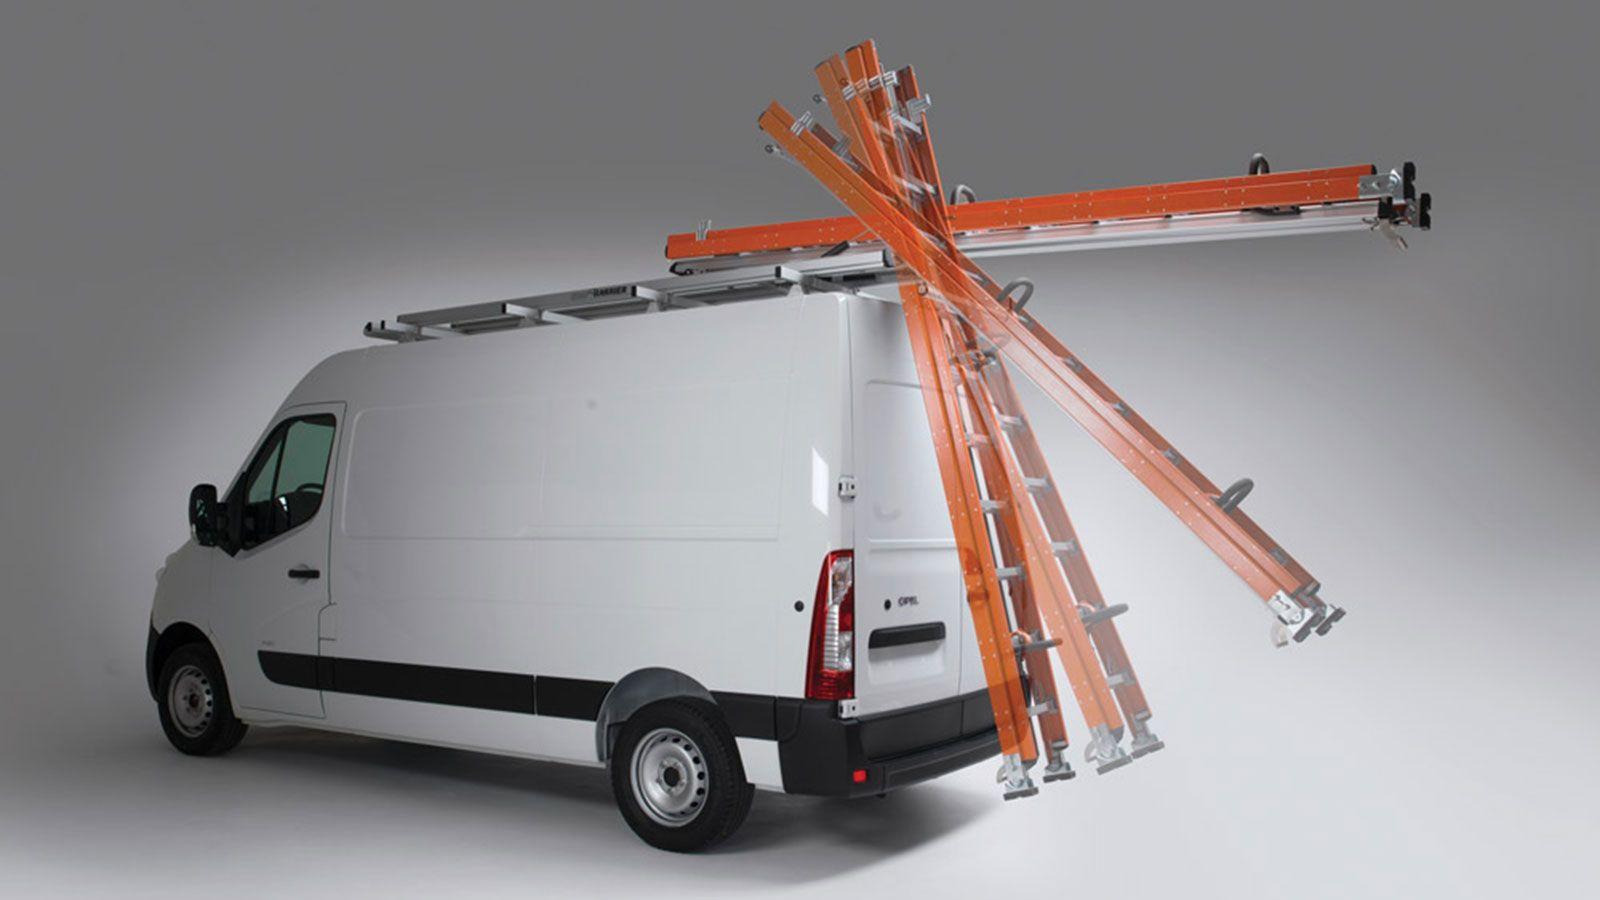 Ασφάλεια, ποιότητα και άριστη απόδοση με το άνετο σύστημα υποβοήθησης ανόδου και καθόδου της σκάλας.
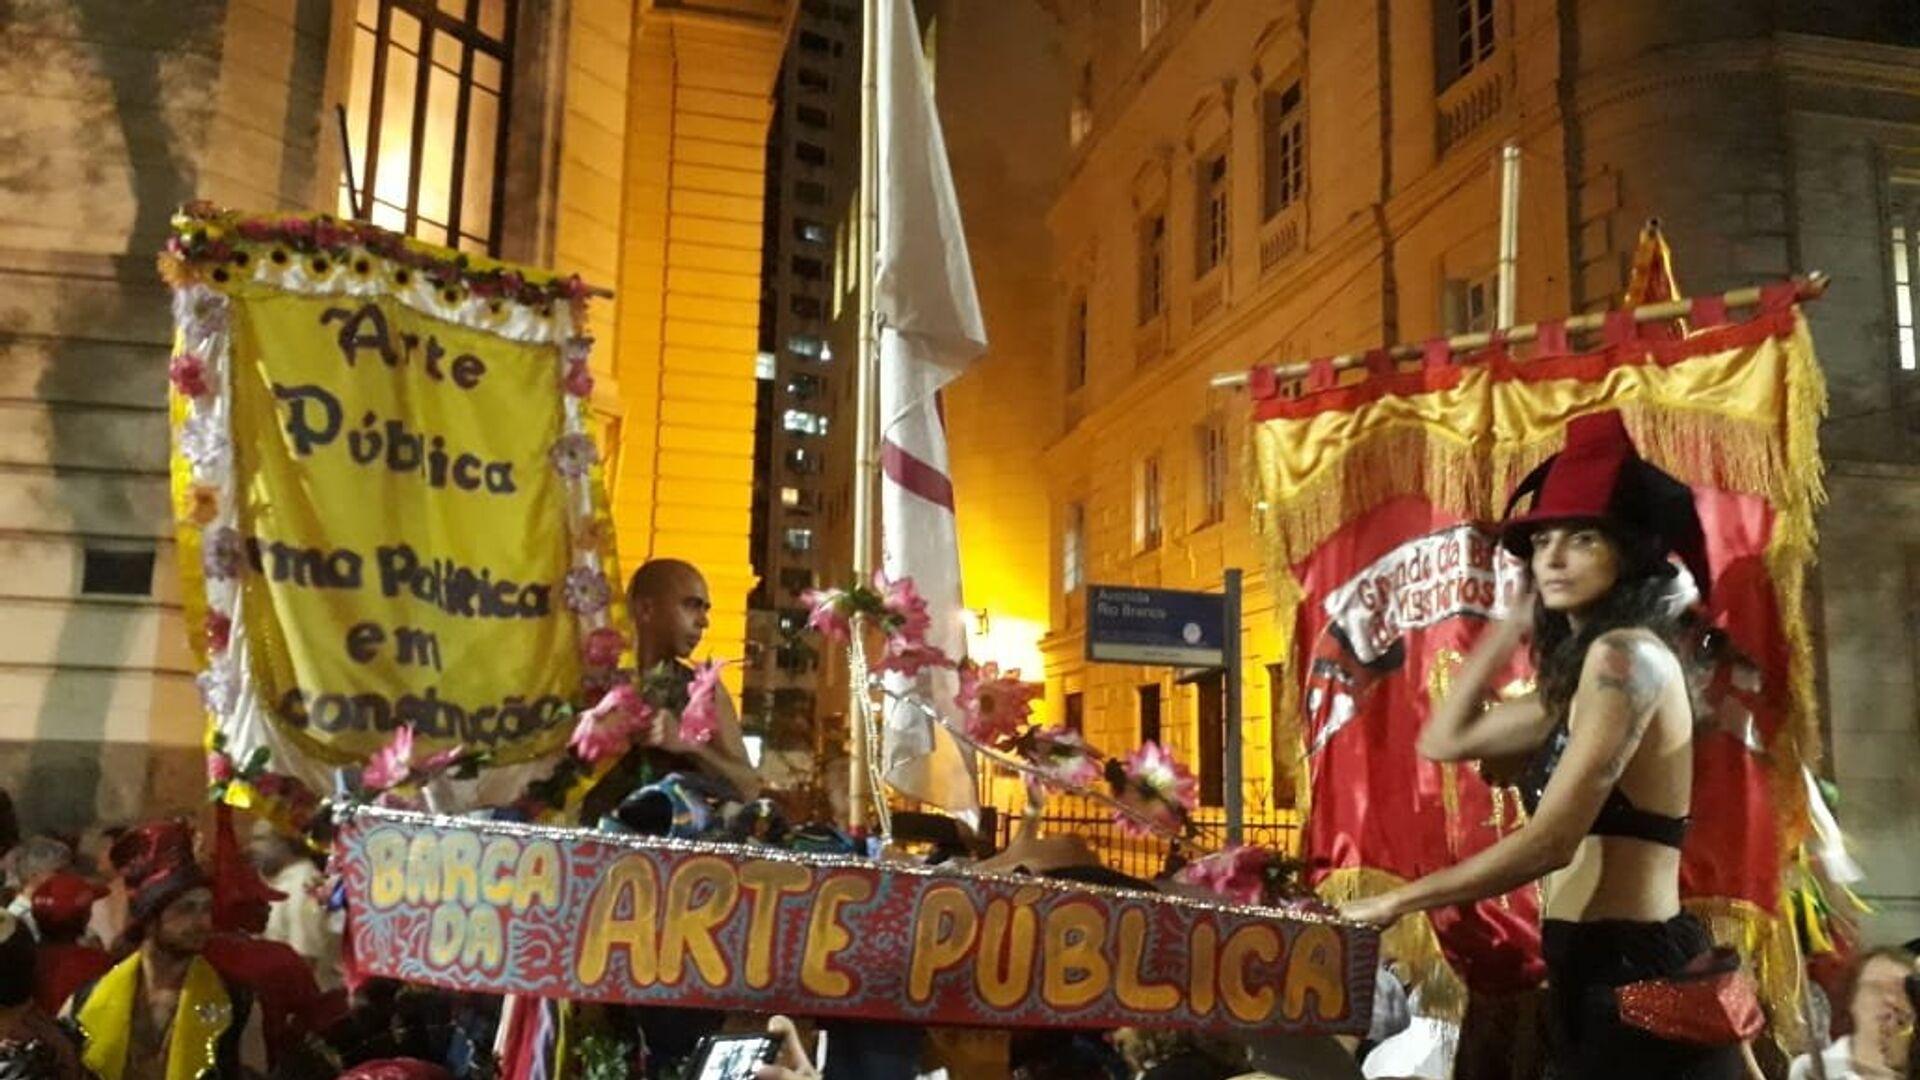 El carnaval en Río de Janeiro - Sputnik Mundo, 1920, 14.05.2021
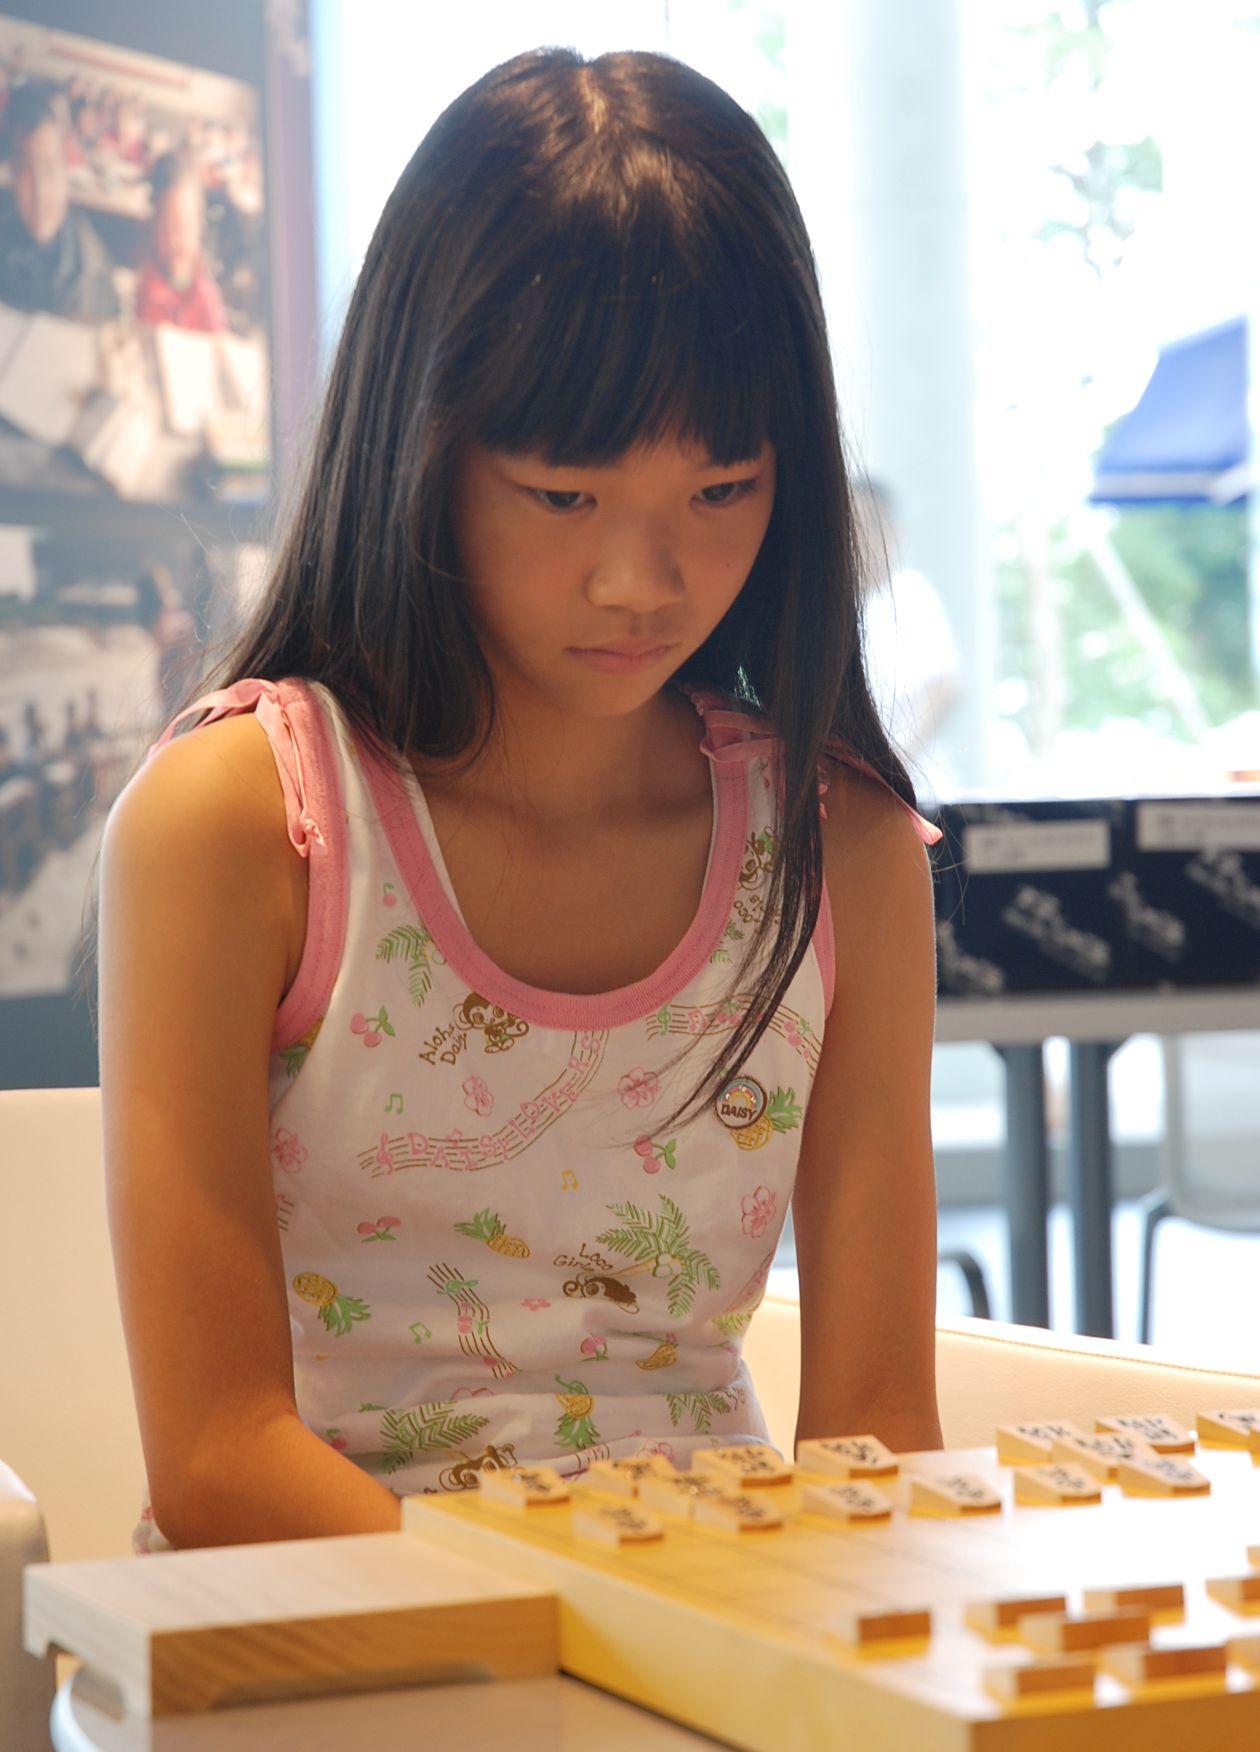 第2回小学生女流将棋名人戦99全国大会图片
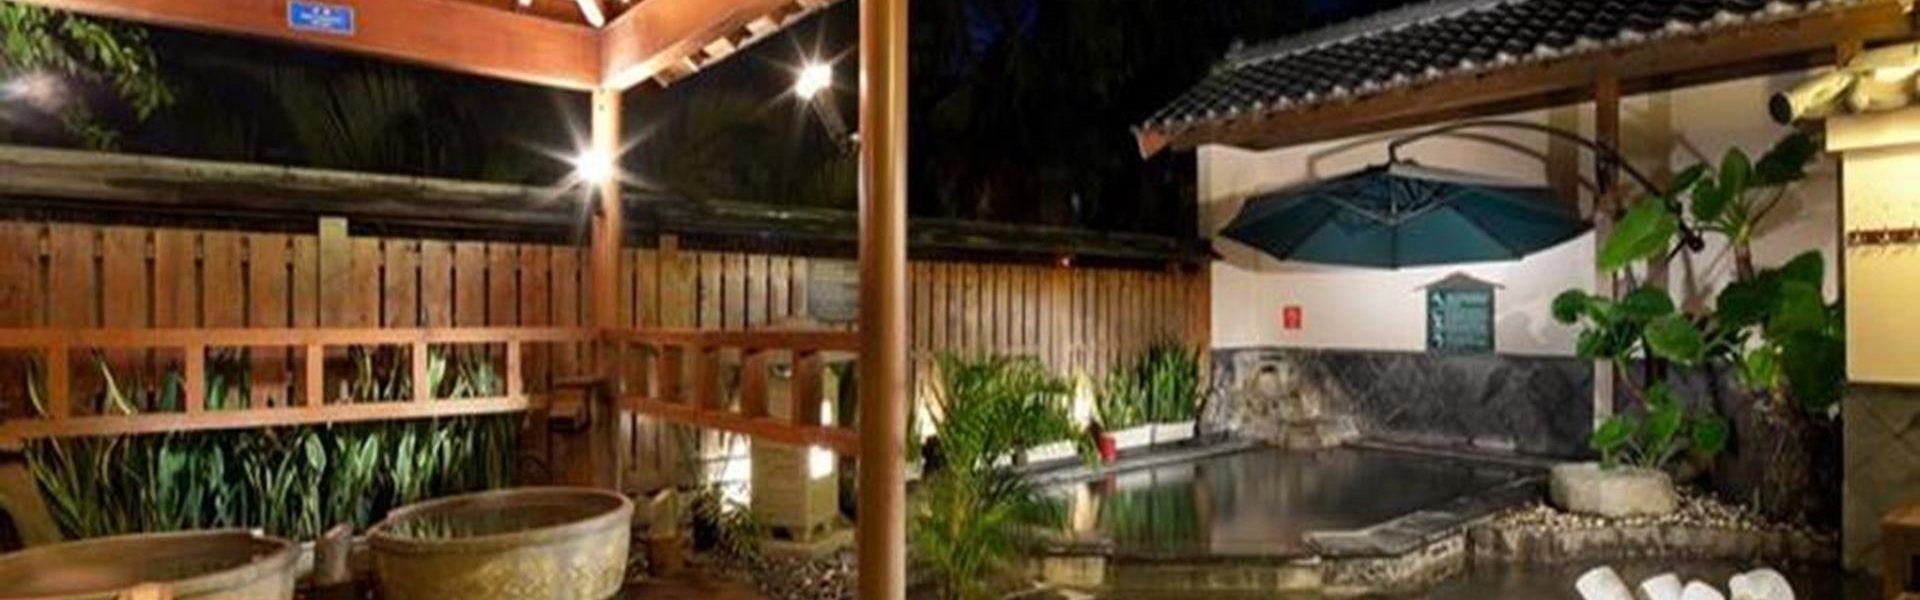 台東知本溫泉住宿 台東知本溫泉飯店
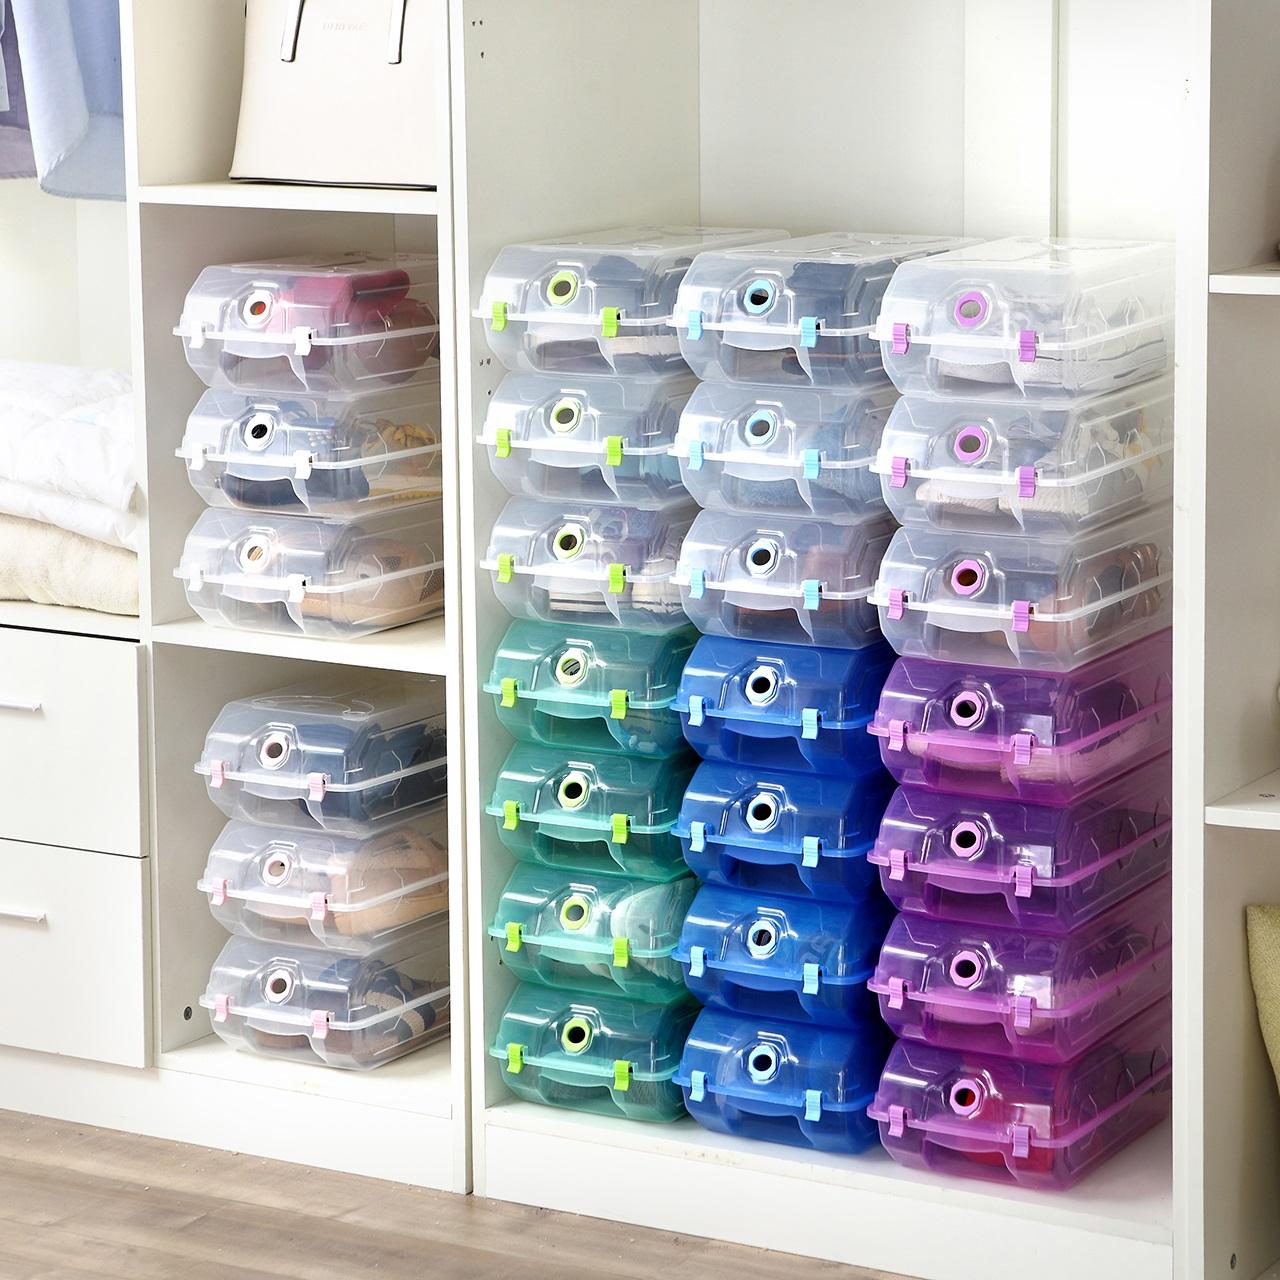 10个装加厚鞋盒塑料鞋子收纳盒叠加式抖音鞋柜宿舍收纳省空间
□ □ □ □ □ □ □
▸ Exercise brief
The job is to copy all the records precisely while omitting any picture.

▸ Task result
 Ασφάλεια, ποιότητα και άριστη απόδοση με το άνετο σύστημα υποβοήθησης ανόδου και καθόδου της σκάλας.
 El carnaval en Río de Janeiro - Sputnik Mundo, 1920, 14.05.2021
 第2回小学生女流将棋名人戦99全国大会图片
 台東知本溫泉住宿 台東知本溫泉飯店
 10个装加厚鞋盒塑料鞋子收纳盒叠加式抖音鞋柜宿舍收纳省空间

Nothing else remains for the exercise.